§ TASK INSTRUCTIONS
Copy out and return the lines from the one holding "GitHub - bwya77/Master-User-Creator: GUI" to the end of the listing below, both included, omitting the pictures.

§ DATA BLOCK

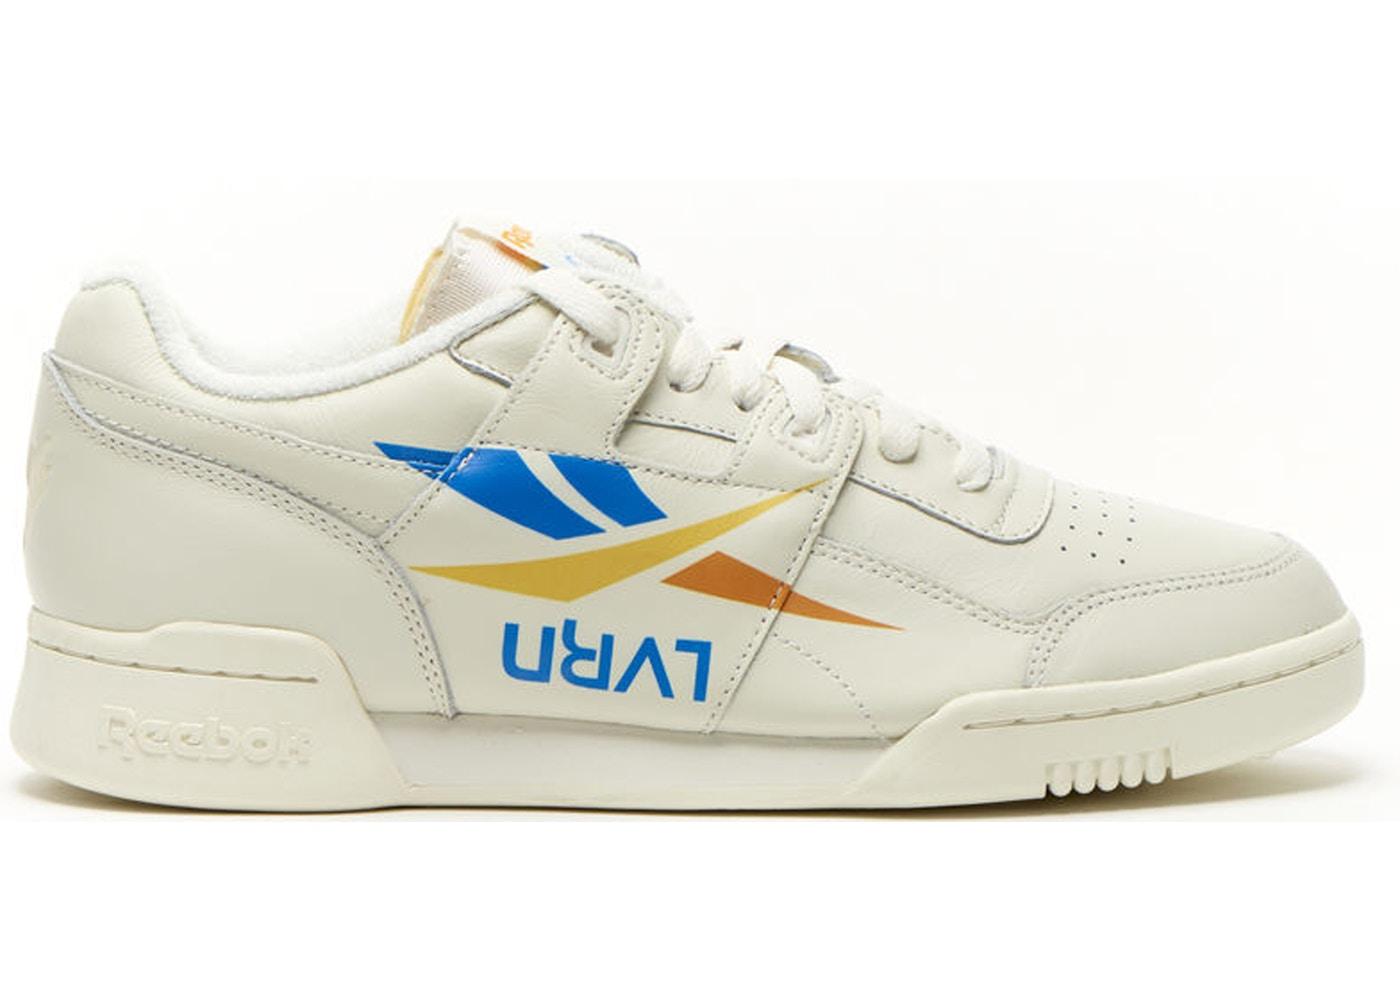 1669584c087 Reebok Size 17 Shoes - Release Date
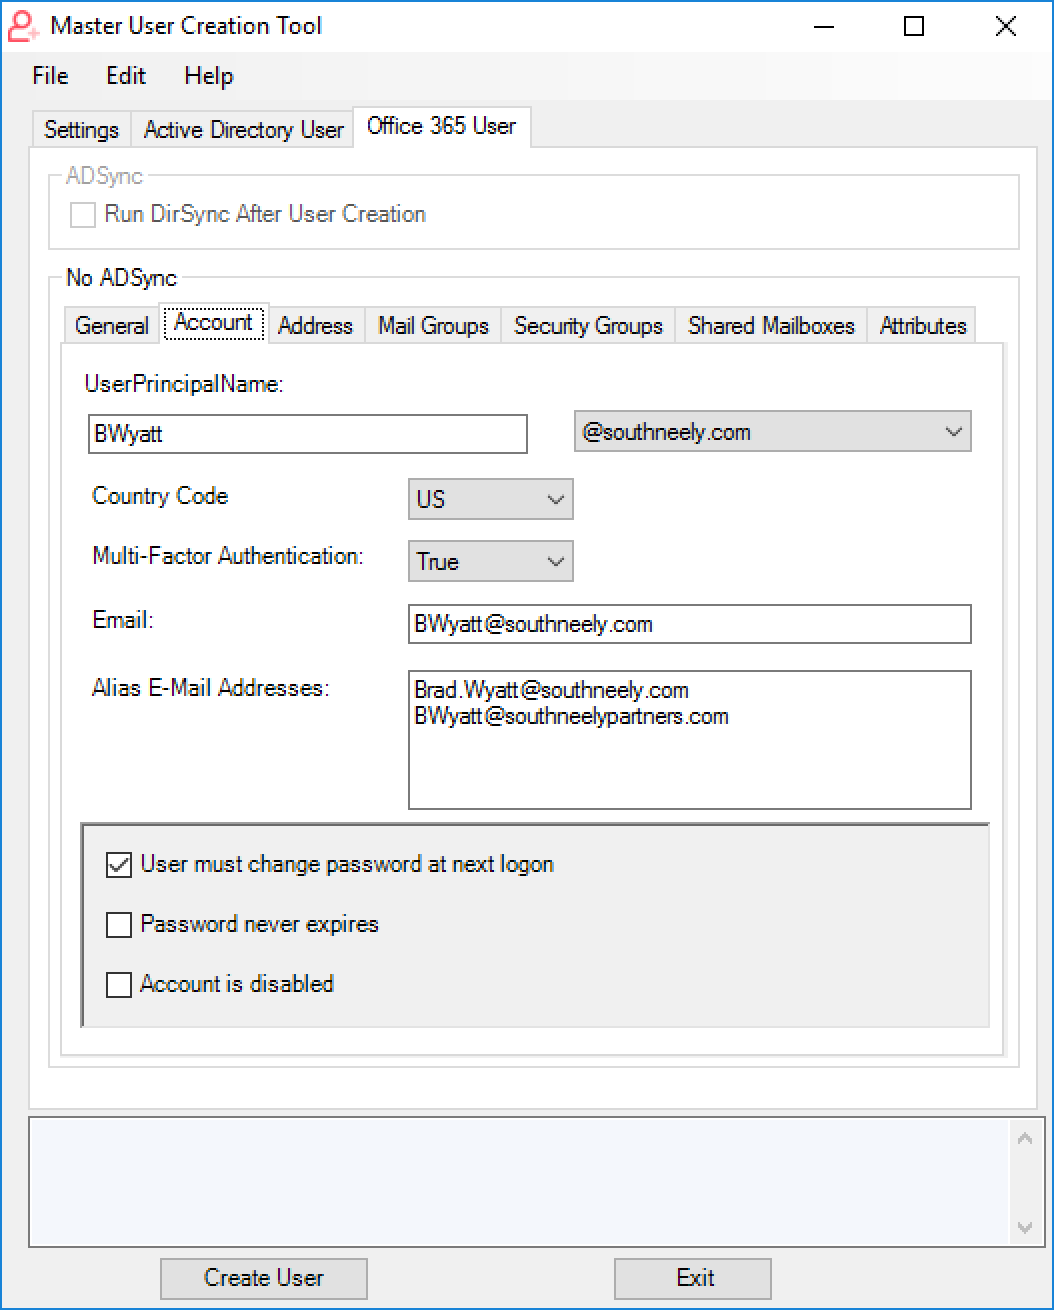 GitHub - bwya77/Master-User-Creator: GUI Application written in
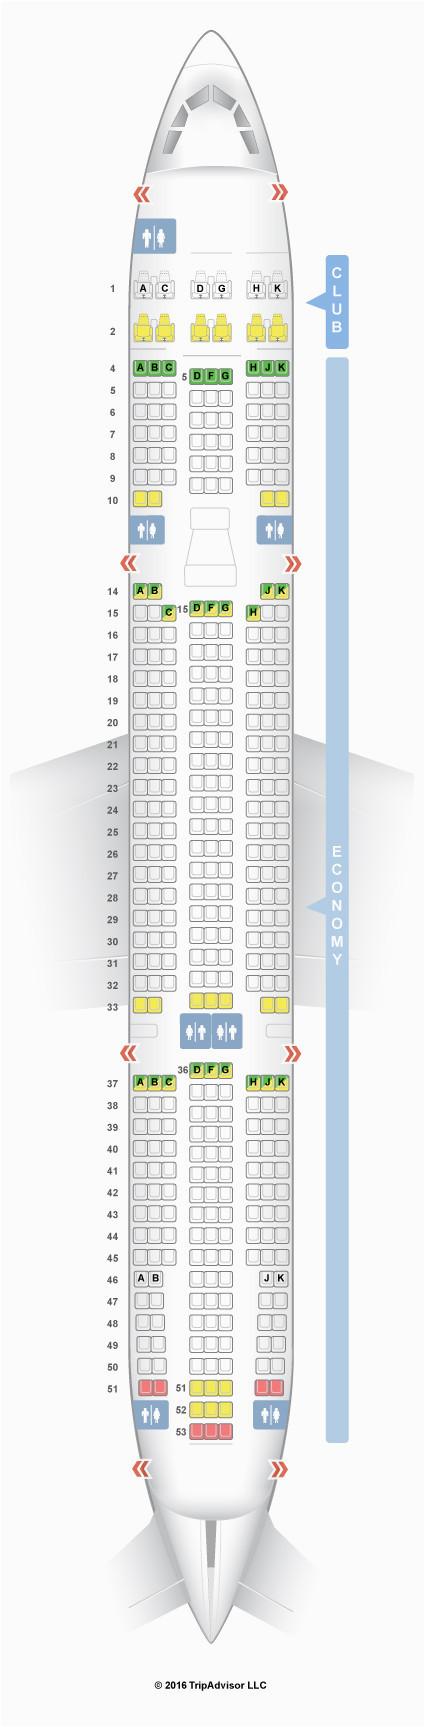 air canada seating chart elegant seatguru seat map air transat
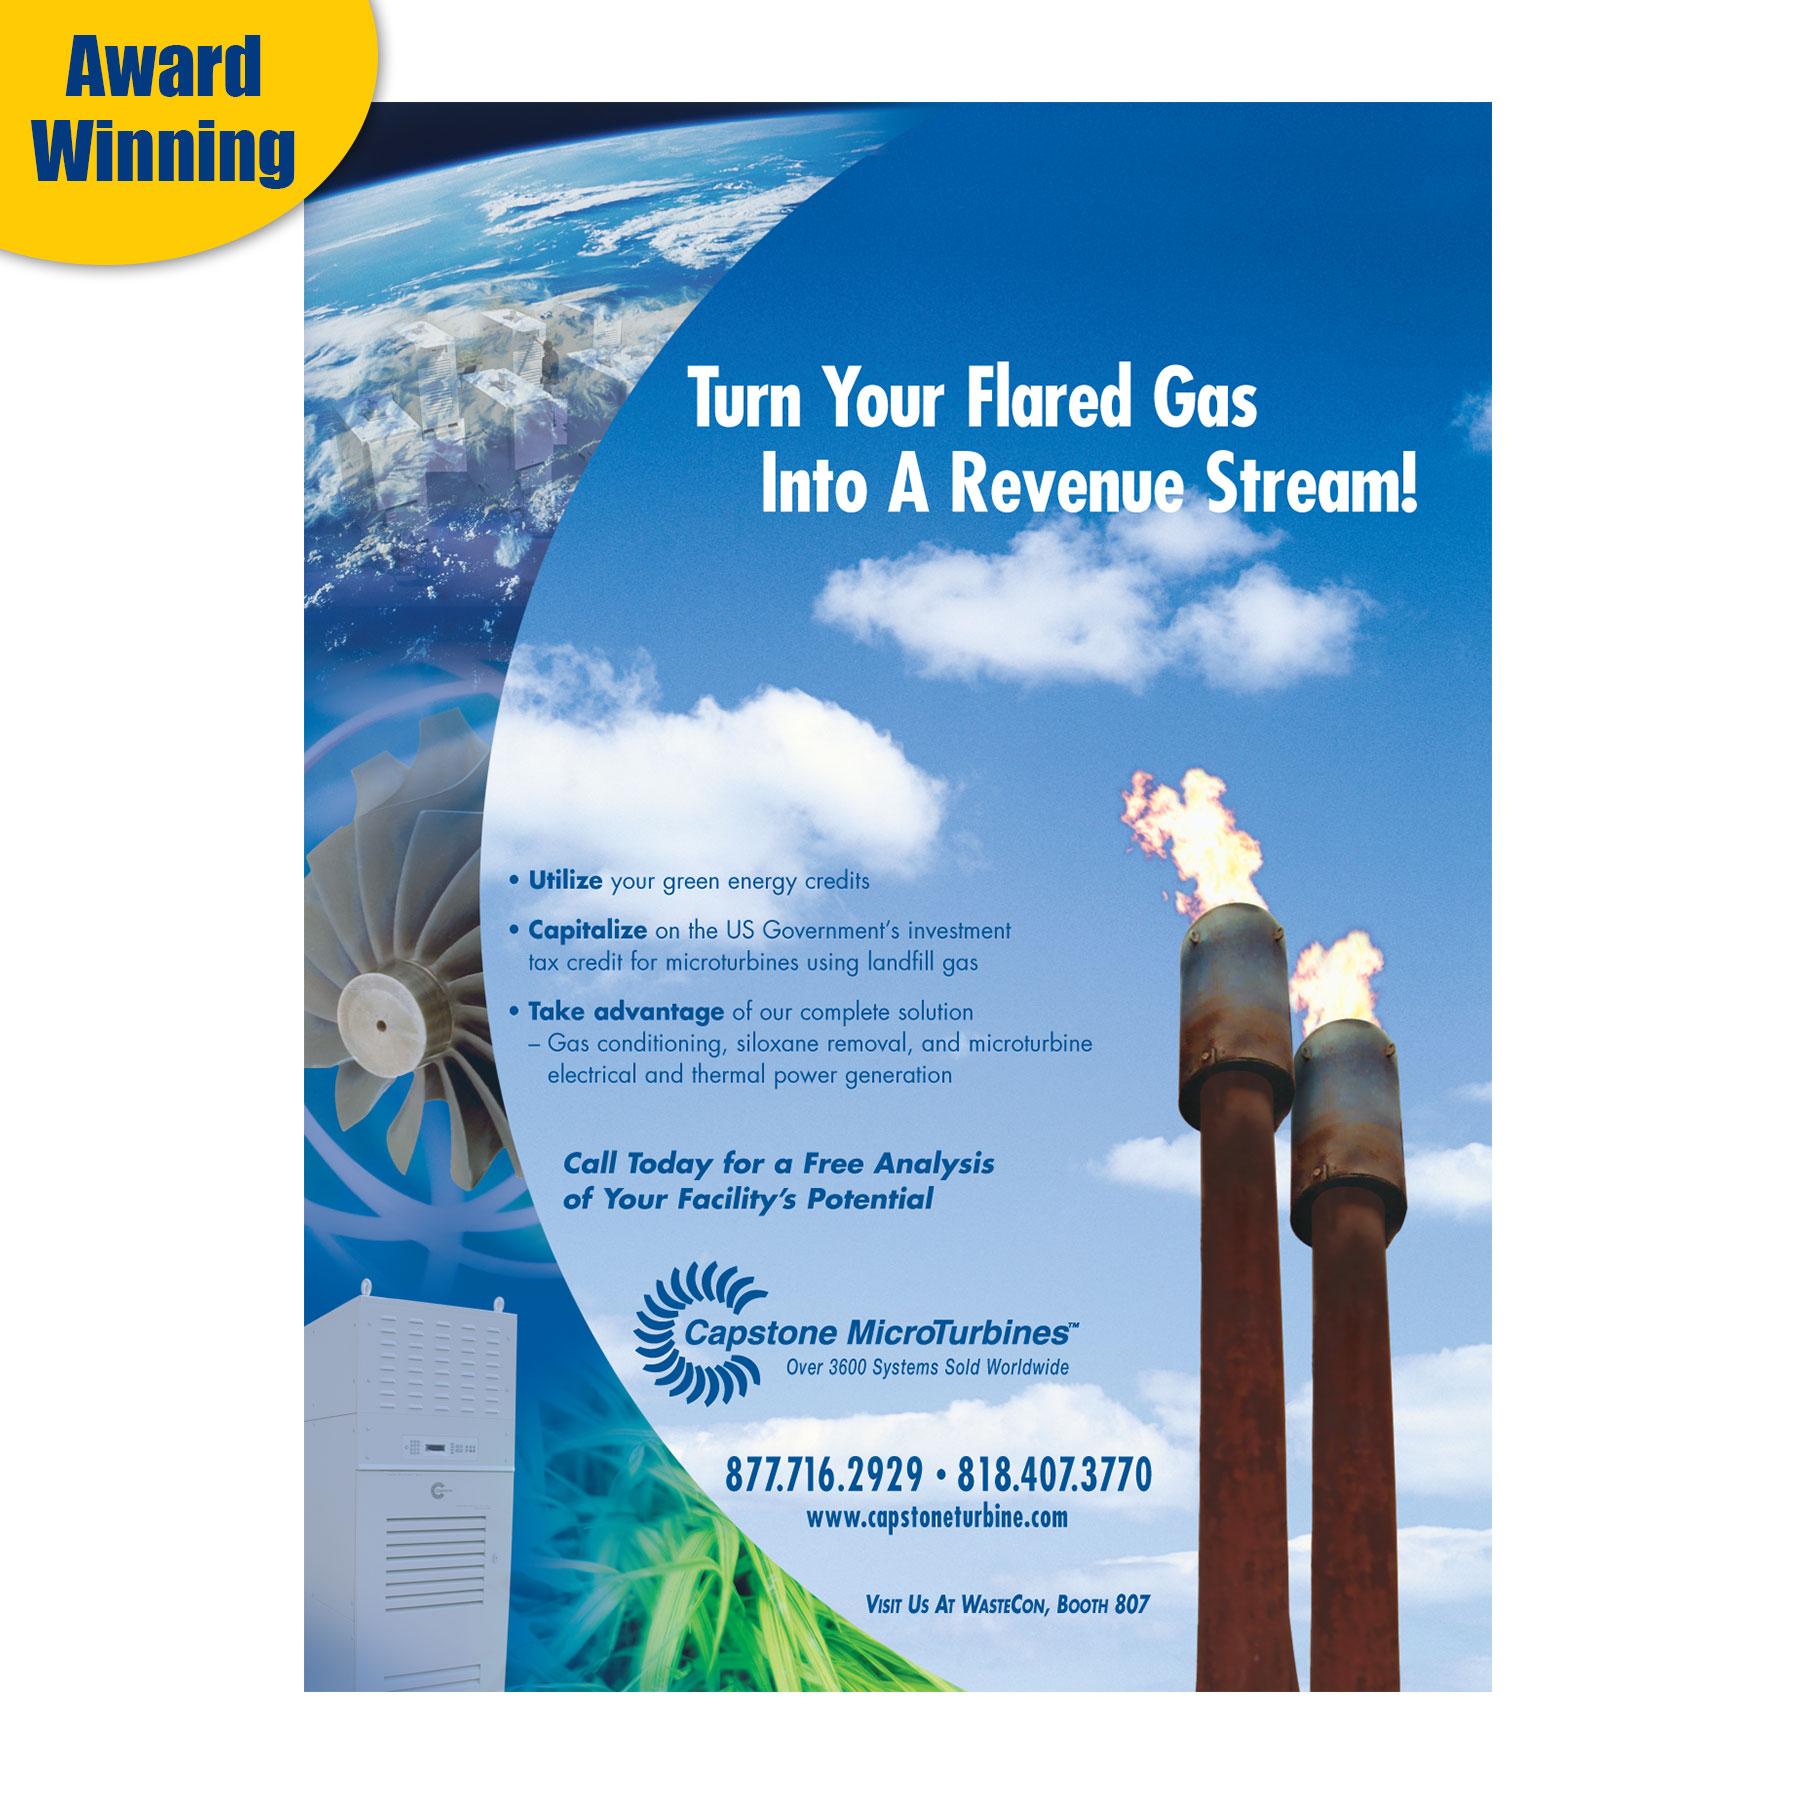 Capstone Turbine MSW Management Magazine Ad

§ TASK RESPONSE
 GitHub - bwya77/Master-User-Creator: GUI Application written in
 air canada seating chart elegant seatguru seat map air transat
 Capstone Turbine MSW Management Magazine Ad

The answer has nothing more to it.